“The key point here is our programmers are Googlers, they’re not researchers. They’re typically, fairly young, fresh out of school, probably learned Java, maybe learned C or C++, probably learned Python. They’re not capable of understanding a brilliant language but we want to use them to build good software. So, the language that we give them has to be easy for them to understand and easy to adopt.”
I'm a relative expert in some domains, but I just find the fancy languages tiresome. I even find so called experts who find it condescending to use a straightforward language tiresome. Seriously - these so called experts never actually deliver any actual product. They just loop around writing line noise that is unreadable.
If you code with others, look into the idea of write-only languages. I think you'll find some of the ideas behind go make some more sense if you understand what they are working to avoid.
I don't hate generics, but don't think they are critical to go's success.
Treating users like idiots is a common engineering practice, not only in programming. Assuming users only make intelligent choices is just unrealistic. It is not that you underestimate any particular person.
You may argue if Go finds the right compromise between giving enough power to their users and not allowing them to shoot themselves in their feet, but the general premise seems to be a very sound one to me.
I think that often people judge programming languages, or frameworks, based on how it would work for them when working on a medium sized one man project.
I believe the designers of Go are onto something.
It's not just the code, but how the code will evolve over time, after a few years of having dozens or perhaps hundreds of programmers modifying it.[1]
In a large shared code base the following dynamic plays out.
* A programmer is assigned to fix a bug, or add a feature.
* His reward for that task is limited to whether he succeeded in achieving that task.
* Even if he is rewarded for improving the codebase overall (refactoring), this introduces much more risk than simply making his changes and getting out.
Basically, everyone wants to get in, make their change, and get out. Now iterate this a few thousand times.

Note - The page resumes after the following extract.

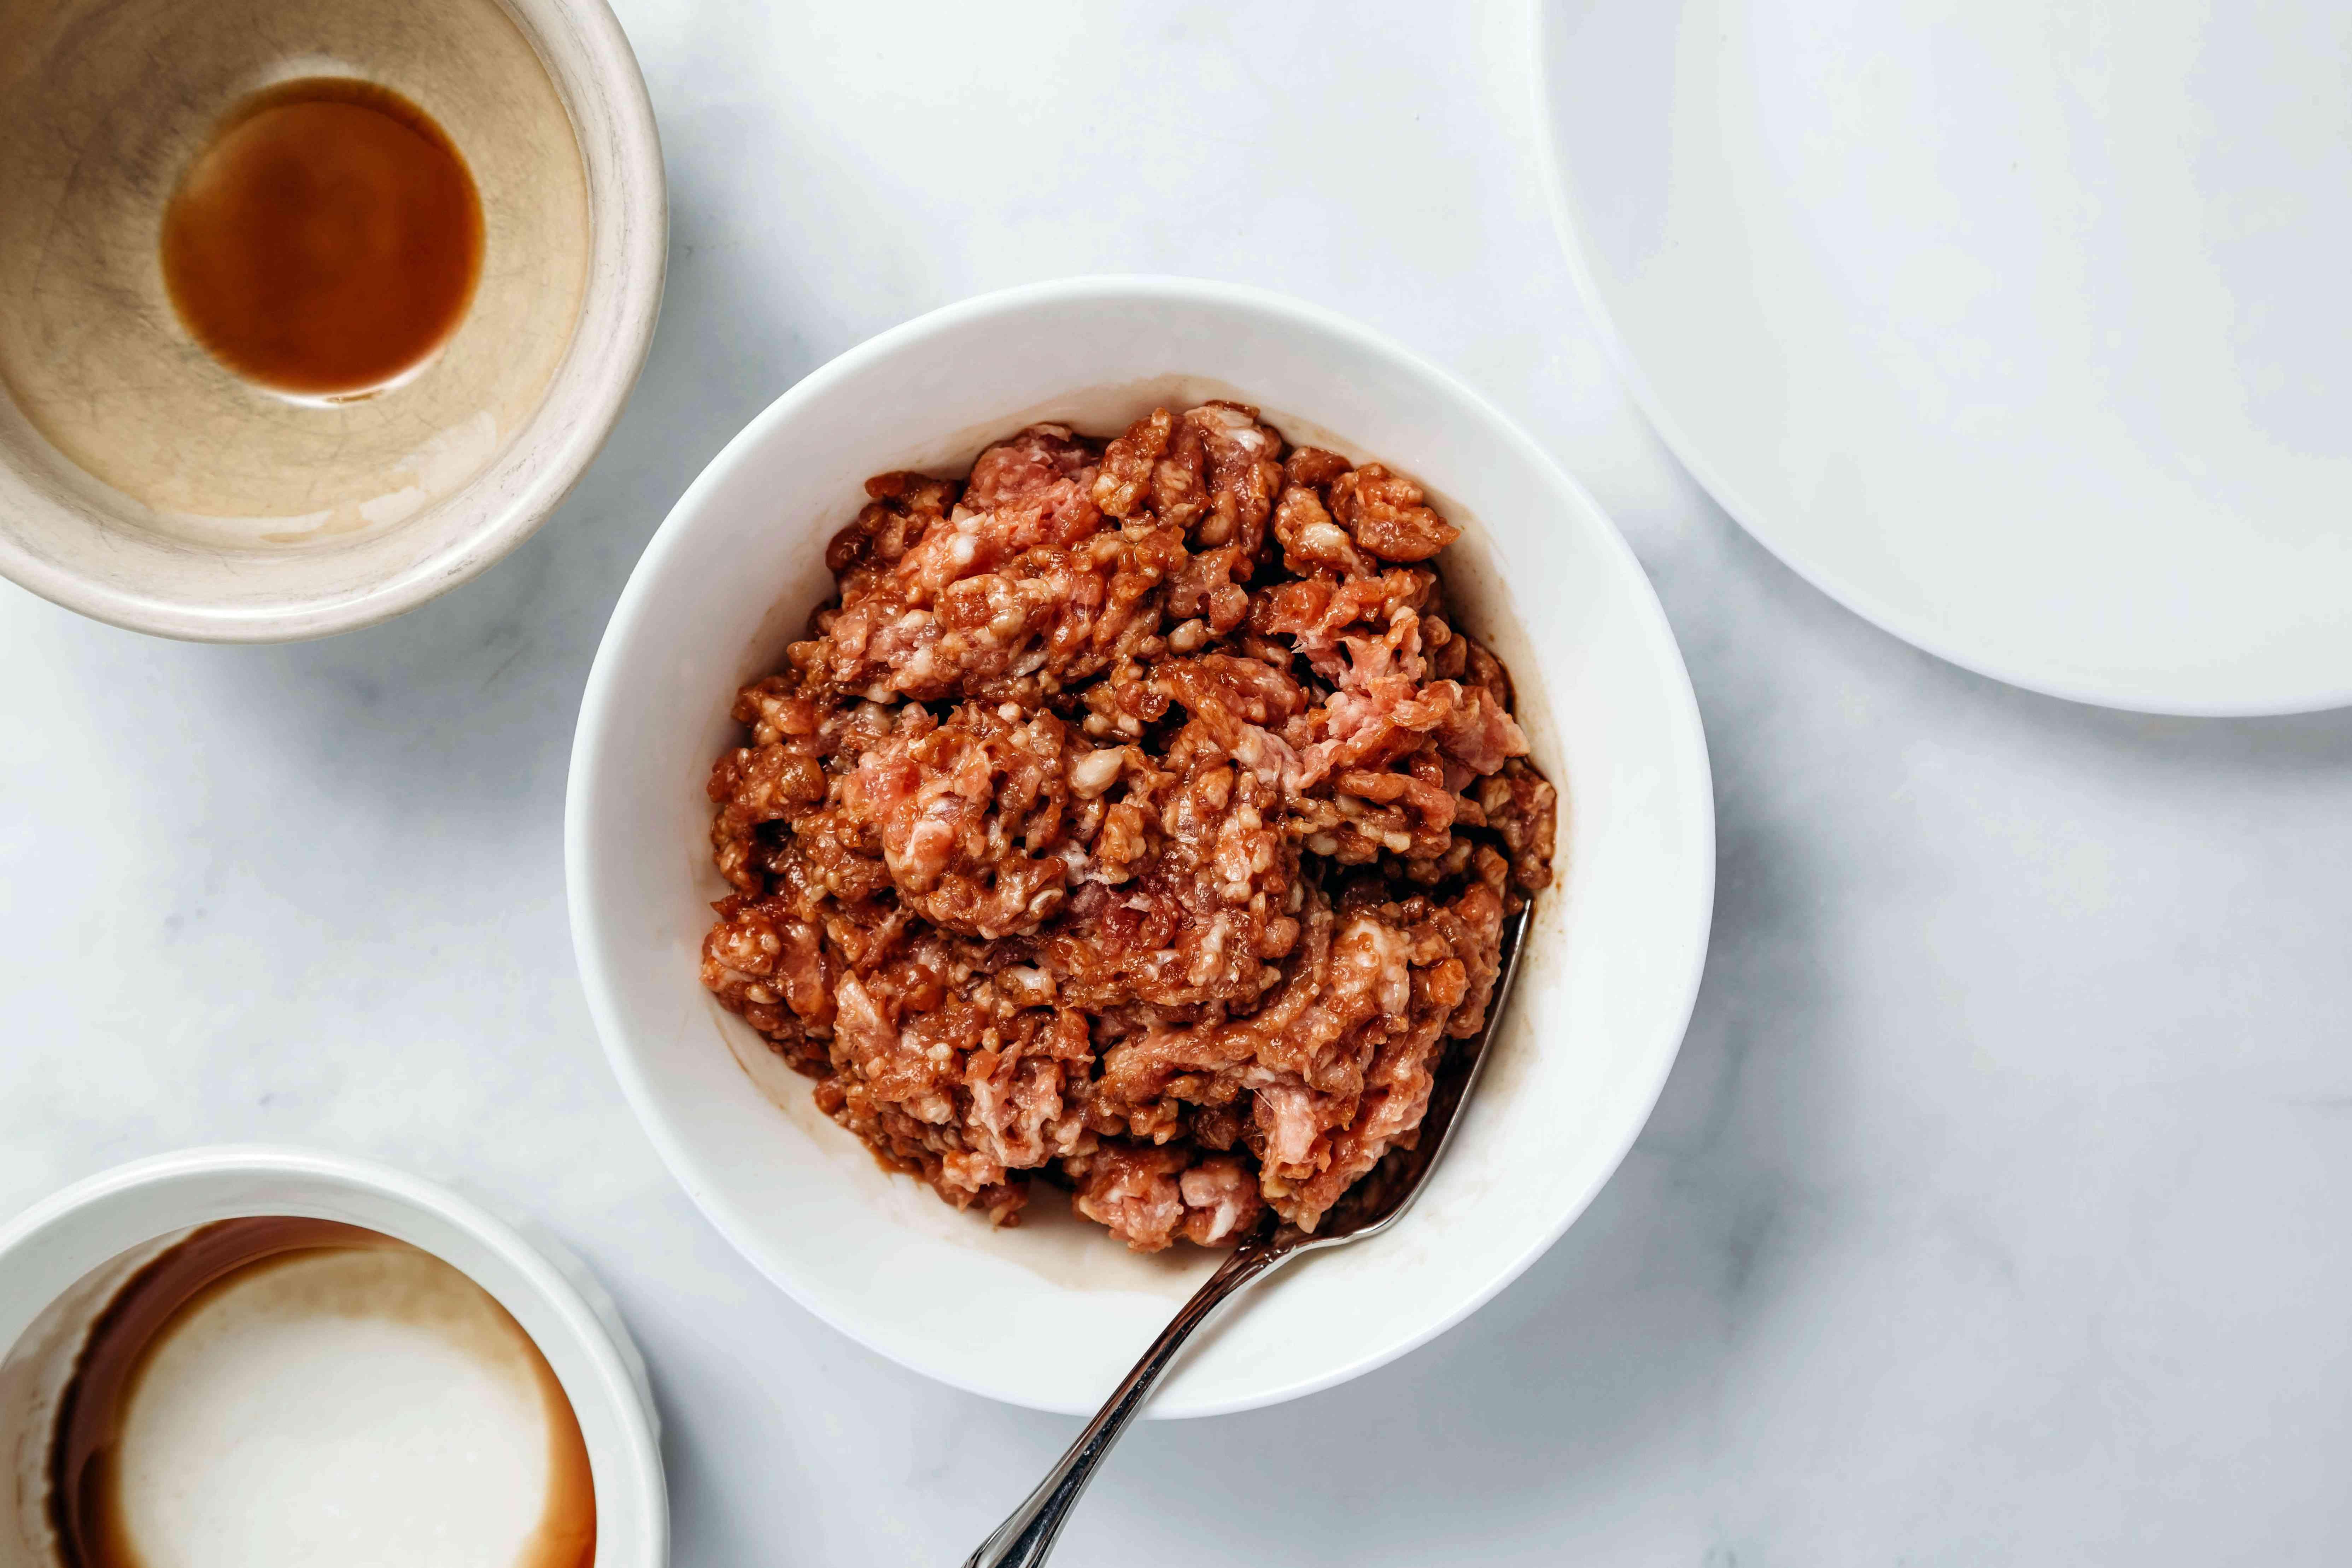 Marinate pork in a bowl

Really it's just the tragedy of the commons, and codebases rot because of it.
The problem is magnified if the language encourages lots of complicated abstractions and meta-programming, because abstractions are difficult to evolve incrementally.[2]
Honestly, I just see Go as a reaction against C++ in this regard.
I still believe however, that the Go team went too far in leaving out features, especially in the areas of generics and error handling. I mean both create more code, so what if it's simple code?
Then the problem becomes that you just have more lines of code to maintain and test.
[1] And for twenty years I was a freelance consultant brought in to untangle big pile of mud codebases for projects in crisis.
[2] See the concepts of assimilation vs. accommodation in psychology. Once your abstractions need to accommodate an inconvenient new fact, then it takes a lot of disruptive effort to fix the problem.
Have you checked that he actually says this in the talk that you're linking to? I've seen this quotation repeated all over the place, but I've never been able to source it. It sounds more like a hostile paraphrase than a word-for-word transcription.
Fair enough. I had not found any other citations that gave the timestamp.
I wasn't suggesting that you'd deliberately make up the quote, but you can find it all over the place without a proper citation, so I thought it was possibly apocryphal.